Two viruses have been making the rounds lately, Badtrans-B and Aliz.
What they do is fire off emails containing clones of themselves to
everyone in your outbox, without your mail program even being turned
on...as long as there's an internet connection available.
If you got it, here's how to get rid of it:
Restart Windows in Safe Mode (reboot your computer, as soon as you
see the text Starting Windows at the botton of the screen, hit the F5
key - F8 on some systems, CTRL on others).
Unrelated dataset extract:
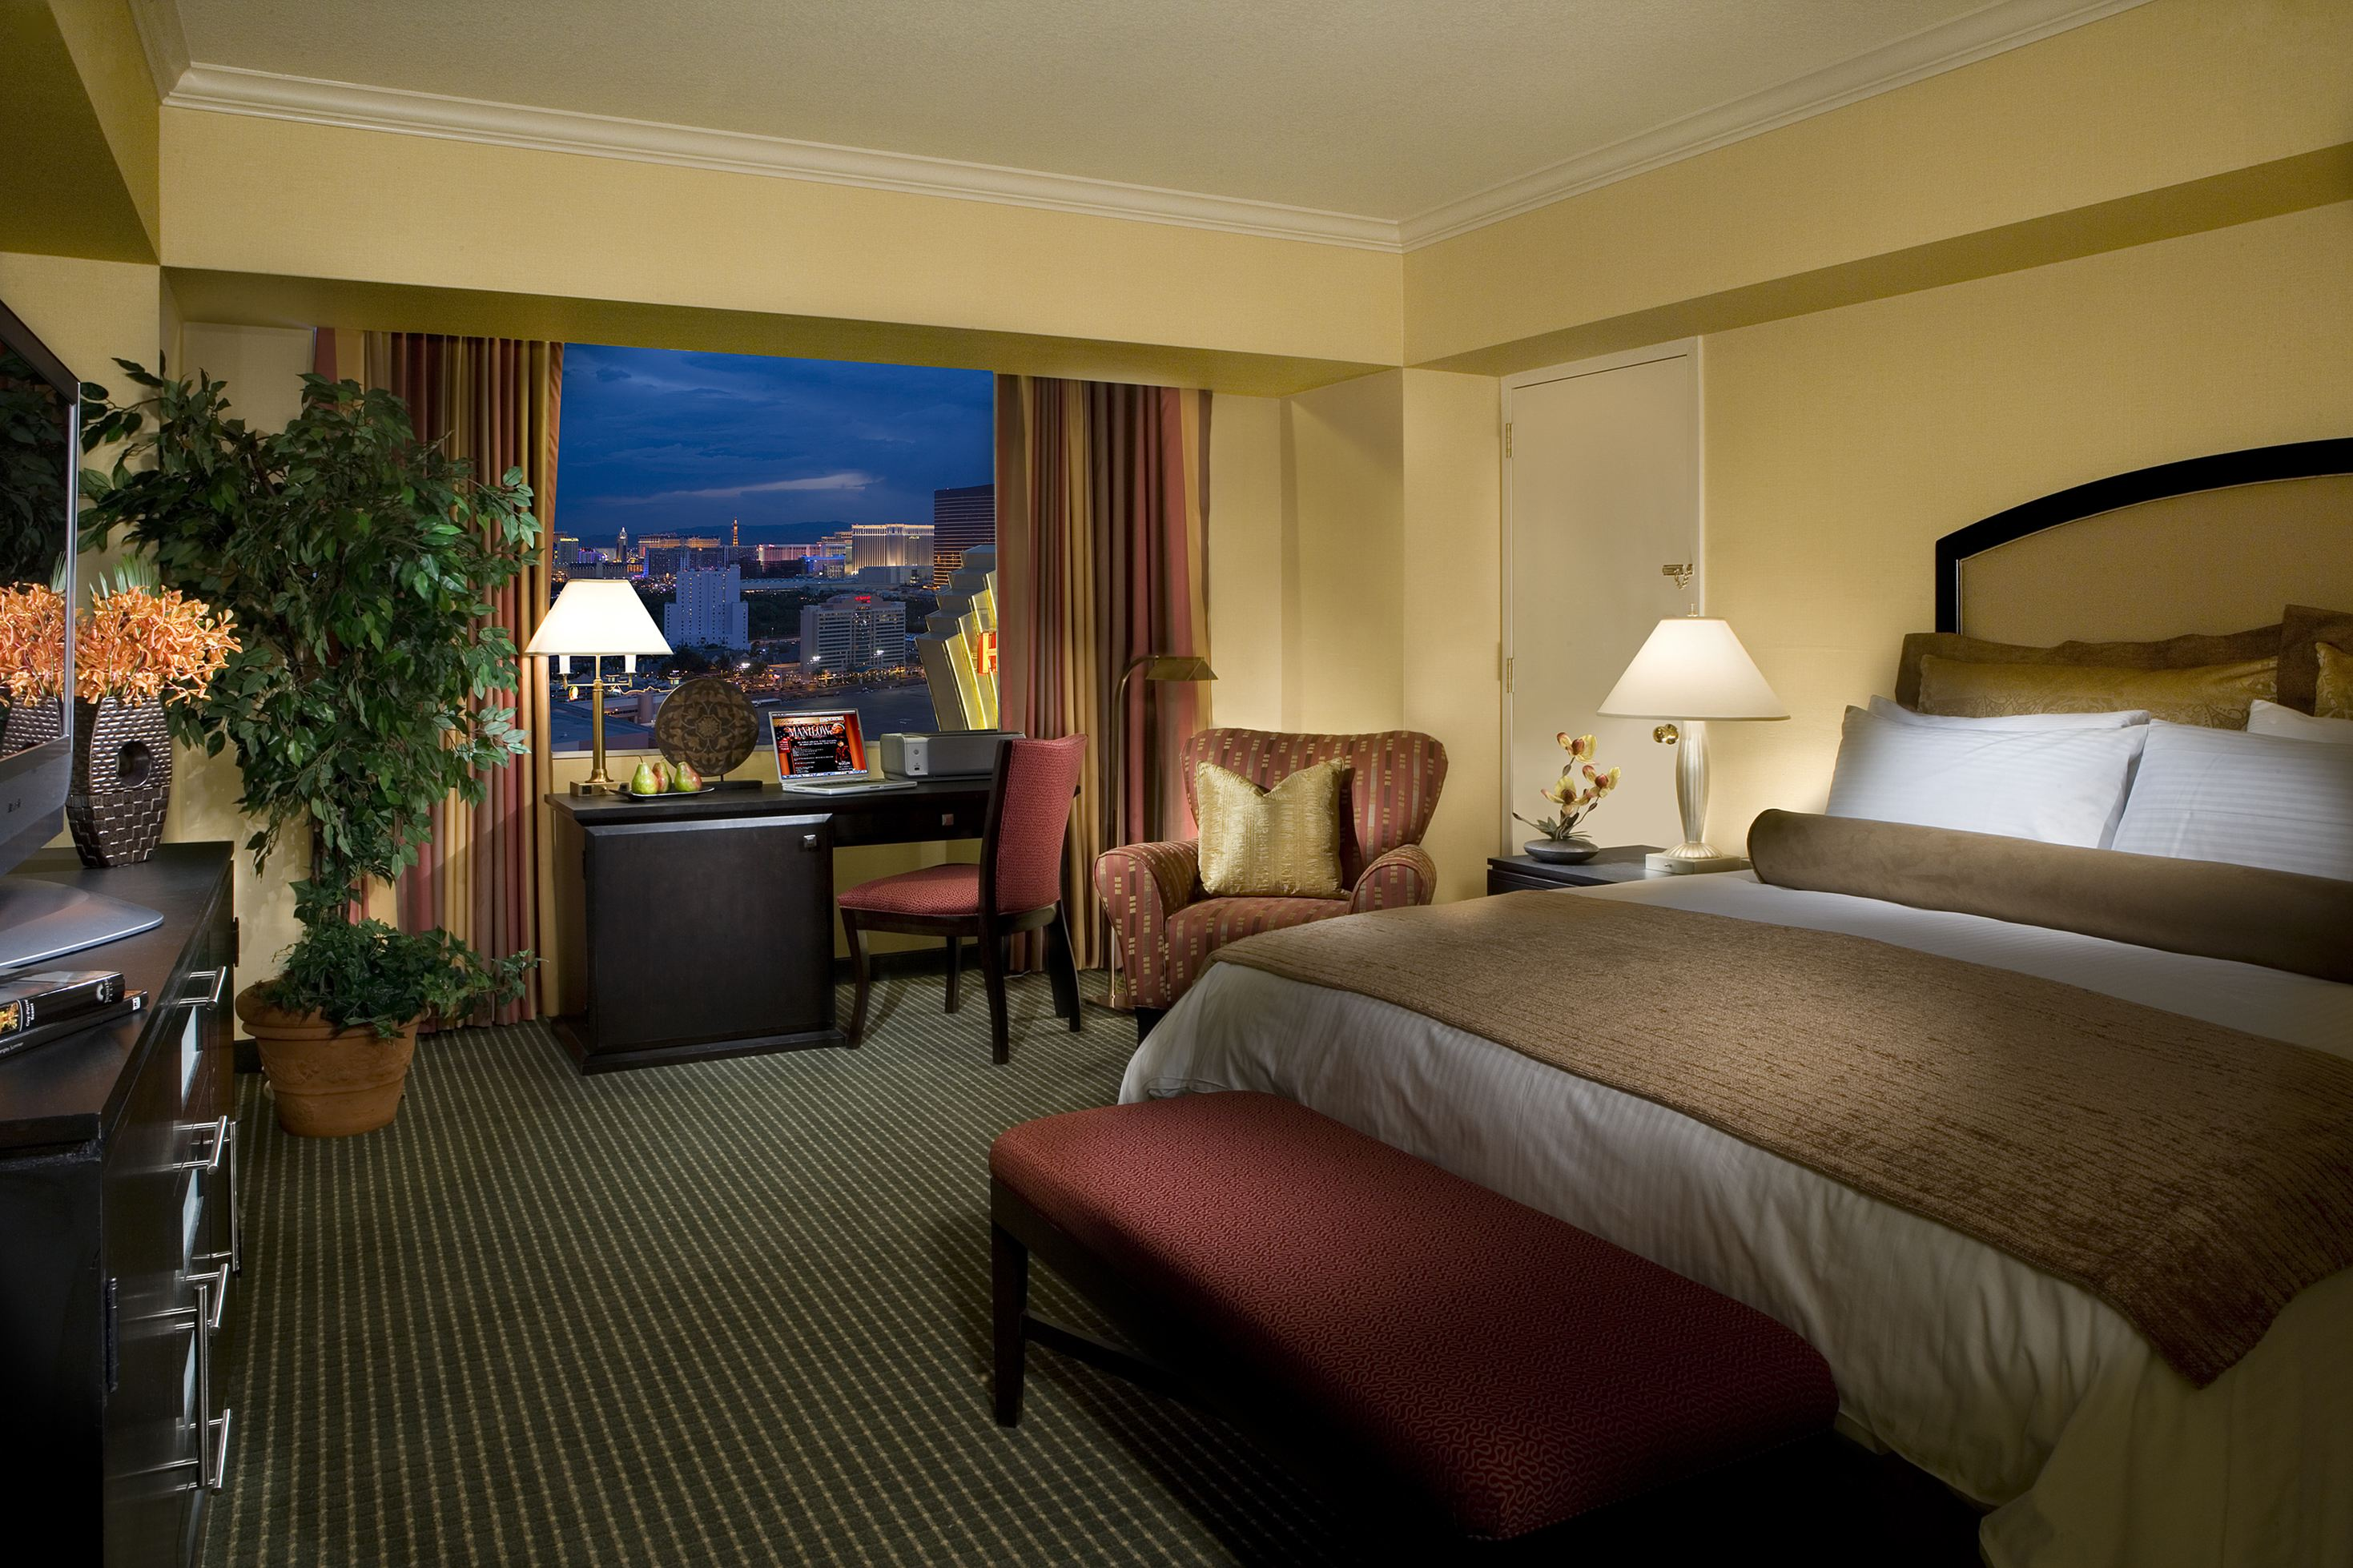 Vip Hotel Information

Click START | RUN, type %WINDIR%\SYSTEM and hit ENTER
Delete the following files (if they exist):
KERN32.EXE
KERNEL32.EXE
KDLL.DLL
HKSDLL.DLL
Click START | RUN, type REGEDIT and hit ENTER
Now do this right...this is important:
Click the (+) next to HKEY_LOCAL_MACHINE
Click the (+) next to SOFTWARE
Click the (+) next to MICROSOFT
Click the (+) next to WINDOWS
Click the (+) next to CURRENTVERSION
Click the (+) next to RUNONCE
Click on KERNEL32 and hit DELETE on the keyboard
Restart the computer.
Keep your virus updates up-to-date
Just an FYI, I set up this list to reject all attachments out of
virii concerns. If you really want to send an attachment to the list,
you can upload it to the file area for this group.